The outbreak of the First World War in 1914 found the movies too much engrossed with their own burgeoning growth to recognize the opportunities it provided. But the arrival from Europe of films partisan to both sides of the conflict and the growing division of the American public into "preparedness" and "pacifist" camps soon opened new boxoffice possibilities. Then The Birth of a Nation demonstrated conclusively that the screen was an unrivaled medium for propaganda and polemics. In the autumn of 1915, J. Stuart Blackton, partly at the instigation of Theodore Roosevelt, filmed Hudson Maxim's book Defenseless America as The Battle Cry of Peace. It attacked the Germans as "Huns" and contended that only by arming to the teeth could America keep out of war. The film created an unprecedented controversy. No less a personage than Henry Ford took full-page newspaper advertisements to denounce the author of both book and film as a "merchant of death" whose real purpose was to increase the sale of his munitions stocks.

More extraordinary still was The Fall of a Nation, product of the unlikely collaboration of Victor Herbert and the Rev. Thomas A. Dixon. In it a leading pacifist, a thinly disguised William Jennings Bryan, persuades the country that all that is needed to defeat aggression is sweet reasonableness, with national catastrophe as the result. But such films, while appealing to the preparedness-minded, alienated pacifists and isolationists, and Thomas Ince's Civilization shrewdly straddled the situation by being at once antiwar and anti-German. It featured a secret army of women pledged to stop the slaughter by refusing to bear any more cannon fodder. A similar theme animated Nazimova's War Brides, which was abruptly withdrawn in April 1917 because "the philosophy of this picture is so easily misunderstood by unthinking people that it has been found necessary to withdraw it from circulation for the duration of the war."

The fact that any motion picture had to be withdrawn for reasons of national morale was startling in 1917. Movie-makers suddenly found themselves the wielders of a formidable weapon. The Democratic National Committee had credited Civilization with helping elect Wilson in 1916 on the "he kept us out of war" platform. Now the movies were to be used for exactly the opposite purpose. The Committee on Public Information created a Division of Films "to sell the war to America."

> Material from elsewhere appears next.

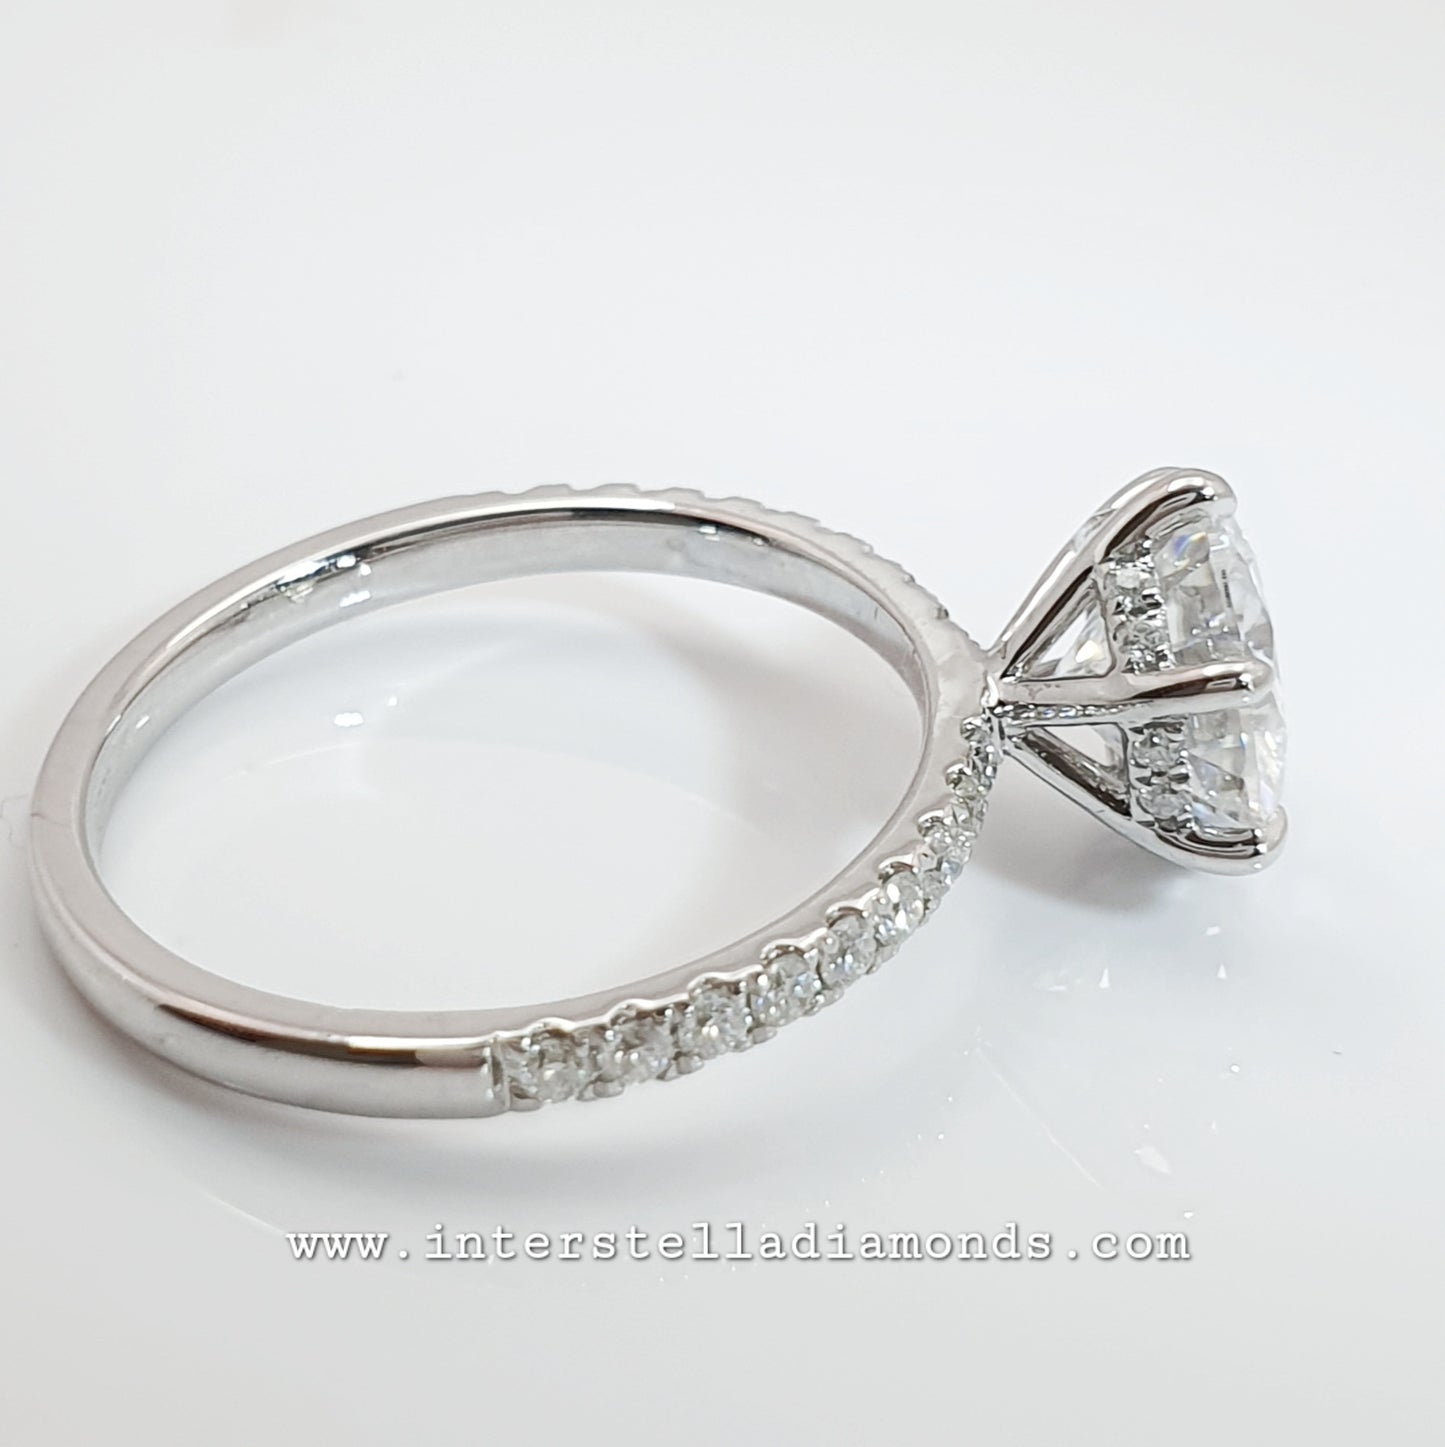 2.3ct Stunning Engagement Ring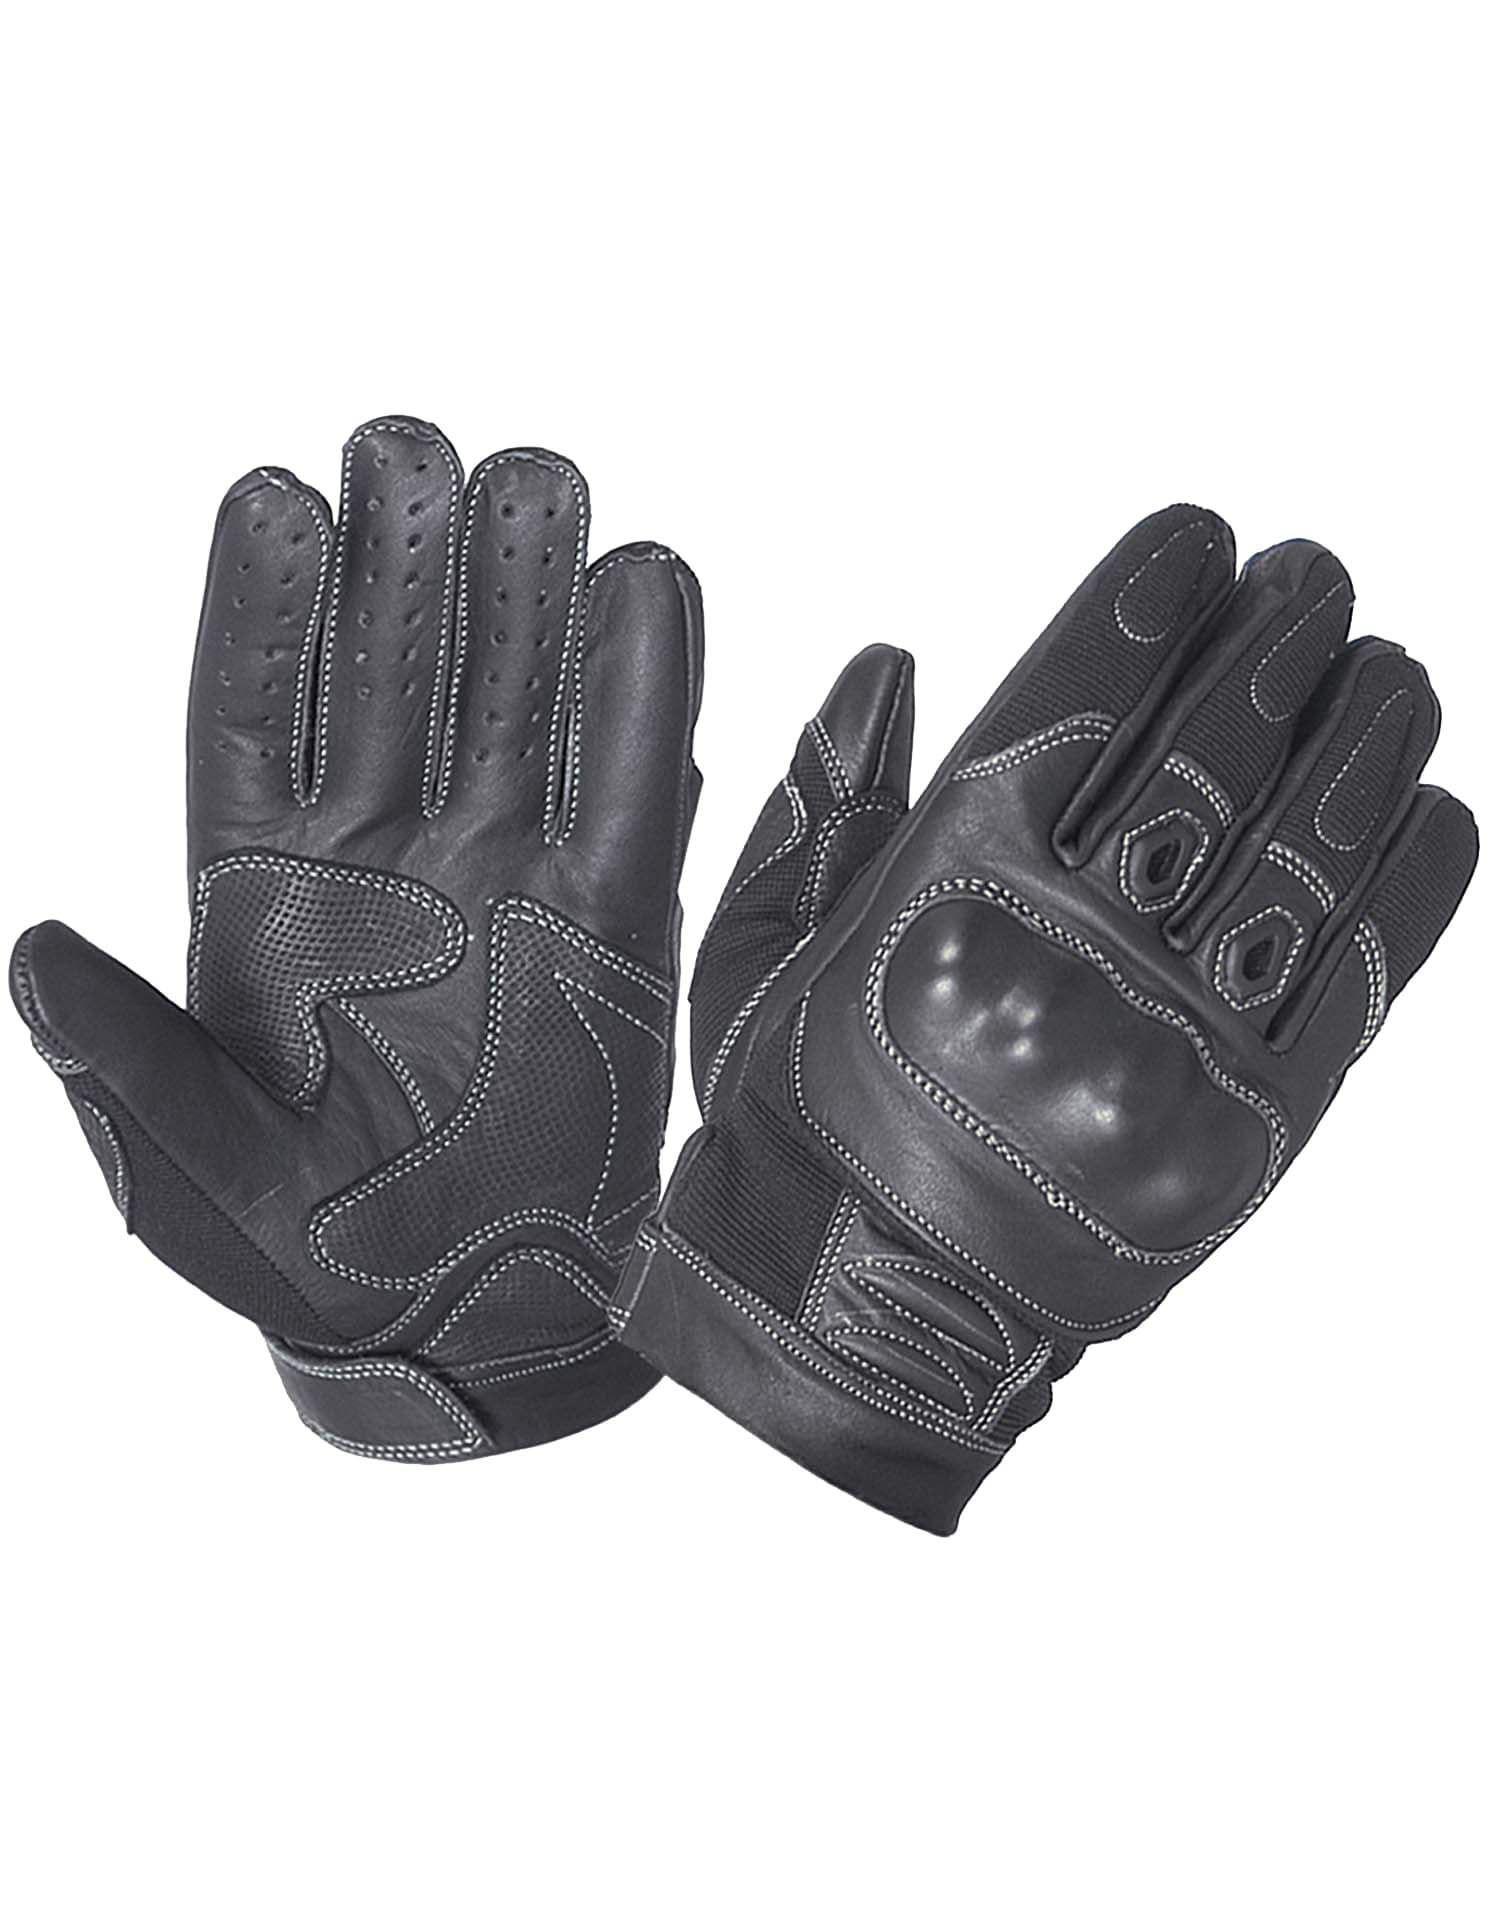 Men's Full Finger Leather Gloves with knuckle armor

War Brides, 1916, with Alla Nazimova.

Mary Pickford in The Little American, 1917.

 

SCHRECKLICHKEIT

Pleasurably aghast at French and British reports of German brutality and vandalism, American filmmakers concocted a cinematic frightfulness which even outdistanced its supposed model. The composite portrait of the hideous Hun, usually embodied by Erich von Stroheim, George Siegman, or Walter Long, showed him a fiendish torturer and sadist who thought no more of raping a ten-year-old girl than of sweeping a priceless piece of Sèvres from the table in order to make room for his feet, in the aristocratic French château which he invariably commandeered as his headquarters. He was not quite shown bayonetting babies but the screen did not stop short of much else. Over and over---almost routinely---audiences were treated to the spectacle of the honor of innocent American womanhood saved from despoil at the very last split second. Seldom, if ever, had so much venom been channeled through the medium of the screen. But the overdose brought its reaction. After November 11, 1918, films about the war, especially those aimed at stirring up hate, became totally unsalable.

Death before dishonor. Robert Harron prepares to shoot his sweetheart, Lillian Gish, rather than allow her to fall into the hands of the Huns, in D. W. Griffith's Hearts of the World, 1918.

American sympathies were exploited through the plight of the children of conquered Europe. The studio caption says: "Belgian children at school under a Prussian tutor" in Cecil B. Dc Milles Till I Come Back to You, 1918.

Rita Jolivet heroically refuses to have her eyes bandaged before she is shot as an American spy in Lest We Forget, 1918.

"Damn your insolence." Henry B. Walthal as a noble French peasant, or possibly intellectual, is threatened by Lon Chaney in False Faces, 1919 (below).

The very aspect of the hideous Hun. Walter Long as a Prussian officer in Mary Pickford's The Little American, 1917.